Но Афанасий почти на коленях умолял этого сомнительного и ворчливого человека, описал ему тяжёлое состояние щенка, и Степан, пожав плечами, согласился. Он стал срубать ветви с дальних деревьев, и так, всё дальше и дальше, постепенно удалялся от партии. «Как он найдёт эти травы? В лесу ещё снег не сошёл… – непонятная тревога за Степана была у меня на душе. – А конвойные? Они же такие вездесущие! Если меня в метель хватились, то этого хватятся непременно…» А ведь я прекрасно знал, что за побег ожидало страшное наказание; в чëм оно проявлялось, оставалось неизвестным, так как арестанты никому не сообщали о нём подробностей. Но время шло, а Степан всё не появлялся. Конвойные, конечно, хватились, двое из них побежали искать, другие повели нас назад. После обеда мы с Афанасием вышли проведать щенка, что лежал на соломе во дворе, и скормили ему кусок свинины, купленный на мои последние деньги. Щенок, увидев нас, приветливо завилял хвостиком, похожим на баранку, будто не обращал внимания на страдания от раненной лапы, а когда Лаптев начал его гладить, лизнул ему руку. Сколько любви отдавало нам это маленькое больное существо! Какая-то болезненная жалость пронзила меня: казалось, даже себя не пожалеешь ради счастья и здоровья этой невинной, пречистой души. Тут малыш увидел пса-ключника, который с интересом разглядывал его издали. Он подошёл ближе и даже связку ключей на землю положил, чтобы как следует обнюхать новичка. А тот, хоть и не мог ходить, всё так же радостно вилял хвостиком.

– Смотри, Родион, наш Рыжик со сторожем знакомится! – в детском восторге указал Афанасий.

– Почему ты называешь его Рыжиком?

– Да он же весь рыжий, только лапочки и мордочка белые.

Чудесно было наблюдать за знакомством двух собак, одинаково преданных человеку! Но тут арестанты начали выходить из казарм и тревожно вглядываться в ворота, которые раскрыли конвойные. Пригляделись и мы – Столопинского ведут!

– Отыскали-таки! – ахнул Лаптев и весь побледнел. – Ой, что-то с ним будет!

Конвойный тыкал Степана прикладом и грозно спрашивал:

– Ты ведь хотел сбежать? Сбежать, ведь так?!

Степан отмахивался от них и ругался плачущим голосом:

– Ничего я не хотел! Я лишь его глупую прихоть выполнял! – он указал на Афанасия. – Заладил: принеси да принеси травы!
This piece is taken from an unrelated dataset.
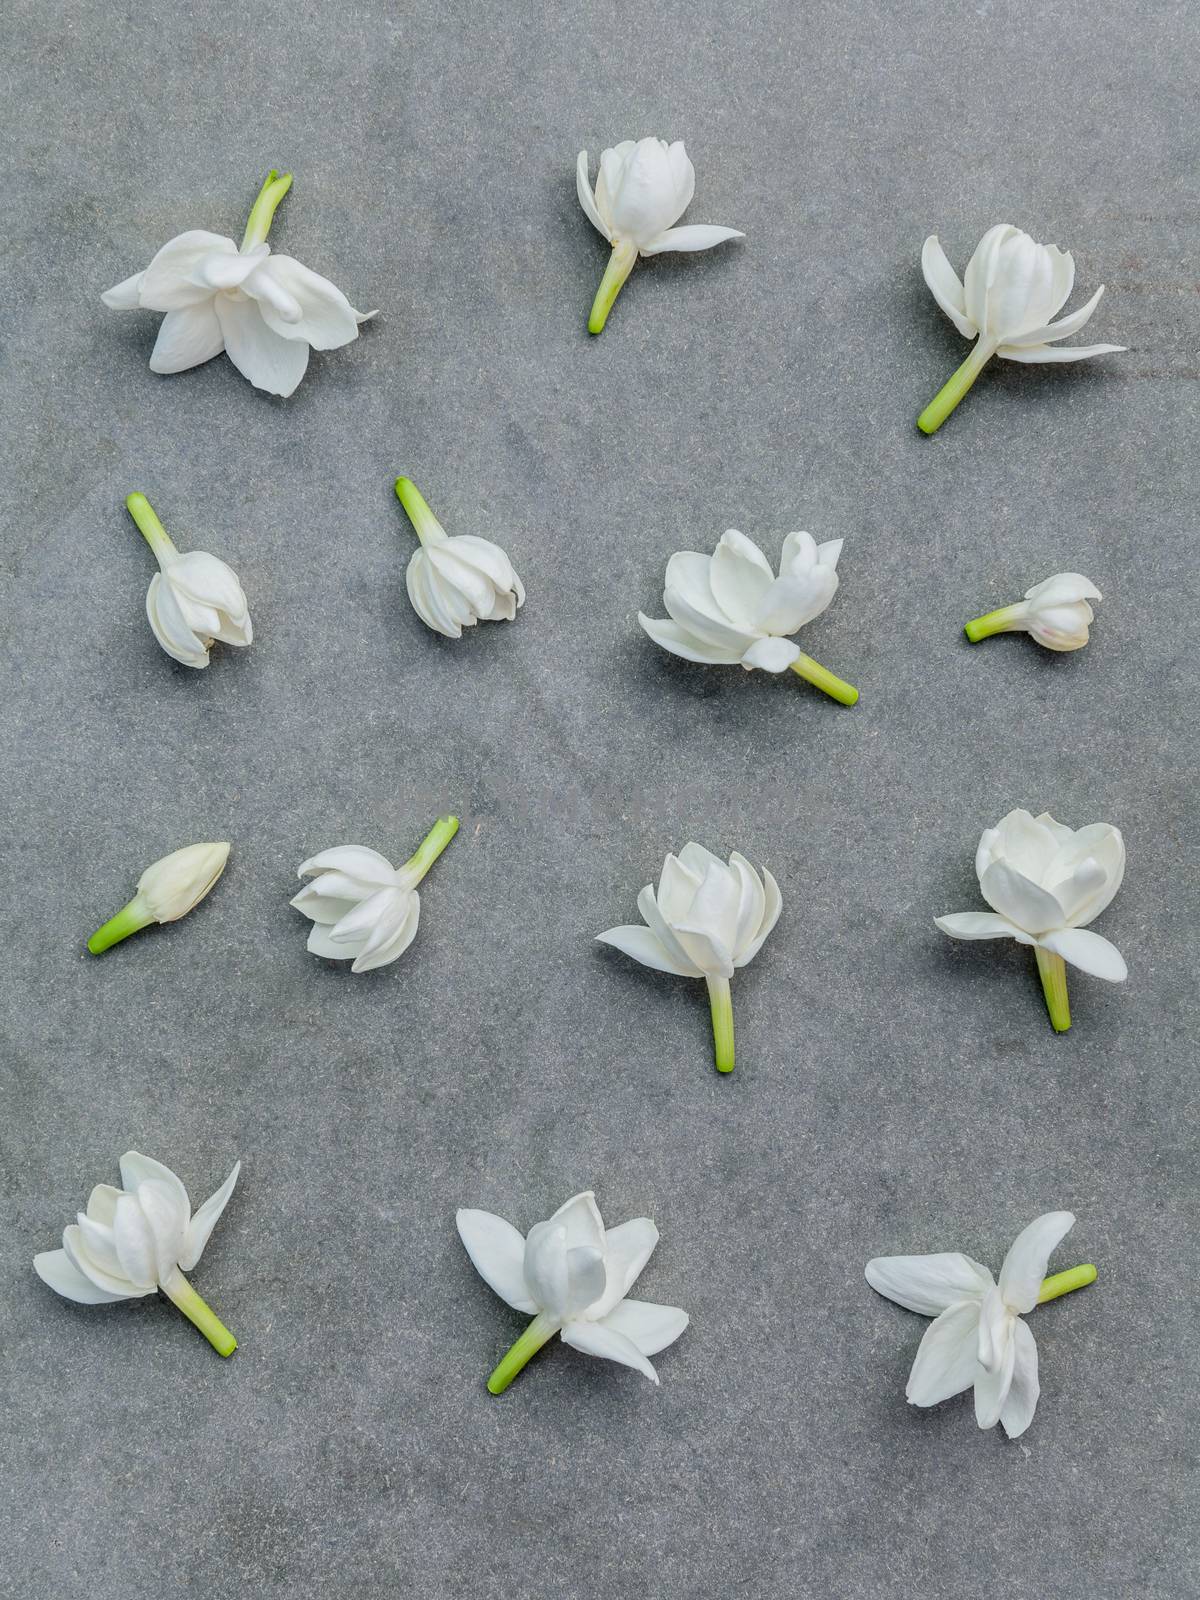 White jasmine flowers on dark concrete background. The delicate rain season flowers.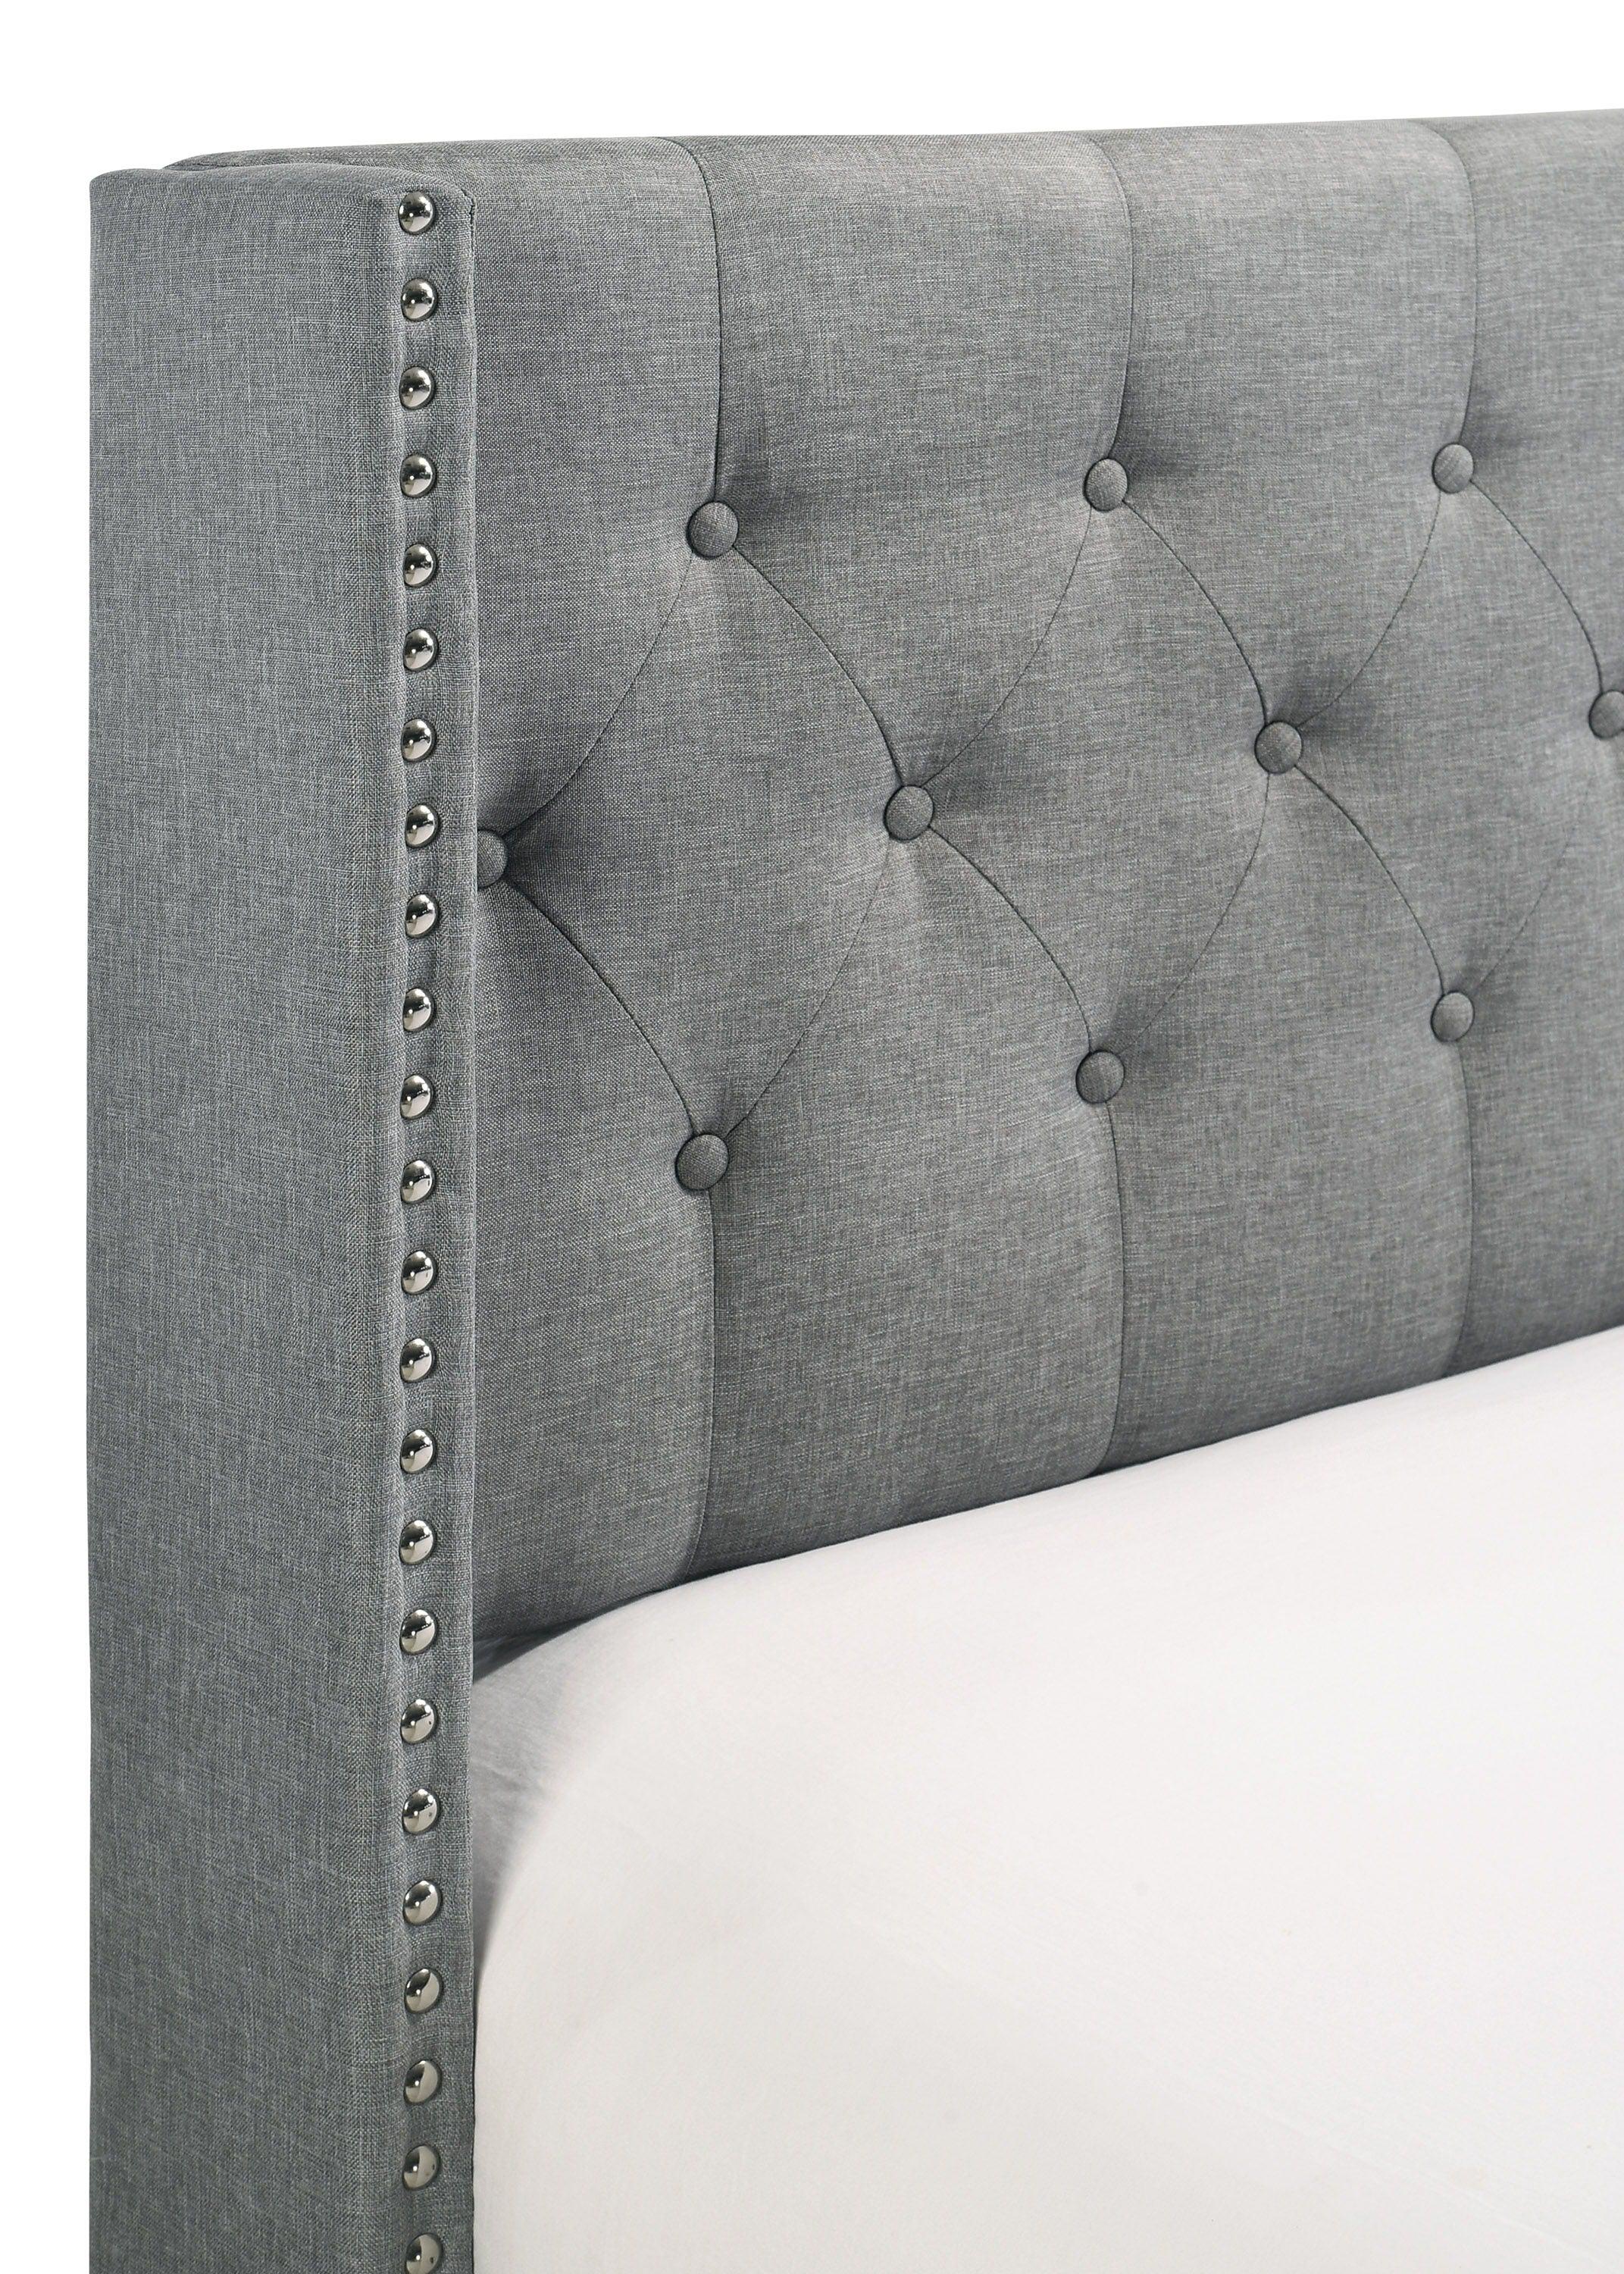 Crown Mark - Makayla - Bed - 5th Avenue Furniture

Вот твоя трава!!

Почти в ярости он кинул к ногам Афанасия какие-то синеватые цветы.

– Бери её! Бери, а на моё благополучие не надейся! Может, меня сегодня до смерти забьют из-за тебя!

Он ещё долго мог ругаться, но конвойные грубо взяли его под руки и куда-то утащили. В беспокойстве я слушал арестантов, которых зачем-то расставляли у крепости.

– Всё, достанется бедному… – тревожился Иван Шувакиш. – И ста ударов не выдержит, Богу душу отдаст!

– Степаха – мужичок крепкий, – пробасил Гагин. – Все тысяча пятьсот вытерпет.

– А что с ним сделают-то? – испуганно спросил я.

– Ой, не спрашивай… – вздохнув, покачал головой Миха. В крепости суетились конвойные, во двор вступил начальник. «Господи, – думал я в страхе, – неужели они проделают это с ним?!» Из крепости выволокли на верёвке Степана без рубахи.

– За что? – воскликнул он. – За что?! Это Лаптев меня надоумил!

Начальник вздохнул раздражённо и приблизился к Столопинскому.

– Ну вот что мне с тобой делать, а? – развёл он руками.

– Как что, ваше благородие? – было видно, как рассерженному и оскорблённому Степану трудно обращаться к нему уважительно. – Отпустите, ведь это несправедливо!

– Несправедливо то, что ты самовольно удалился из партии, без присмотра конвойного! – сдвинул брови начальник. – А это уже попытка побега. Здесь, друг мой, каторга, а не курорт, и ты, стало быть, – каторжанин.

Когда молодой солдат замахнулся кнутом, я не мог вытерпеть более, выступил вперёд и крикнул:

– Не надо его бить! Не надо! Посмотрите, какой он хилый, слабый, ему же прямо сейчас нужно в госпиталь!

– Замолчи! – рявкнул молодой солдат, а начальник презрительно усмехнулся:

– Уж не думаешь ли ты, Раскольников, что мы станем беспокоить казарменного лекаря ради этого иссохшегося мяса с костями?

Эти бестактные слова кольнули меня ножом в сердце. Заведующие острогом были безразличны даже к здоровью арестантов? Ну, это действительно мёртвый дом какой-то… Столопинский всё ещё пытался в словах доказать, что он не виноват, но начальник, не желавший ему верить, крикнул «Катай его!», и – раз! – кнут со всей силы опустился на обнажённую спину бедняги.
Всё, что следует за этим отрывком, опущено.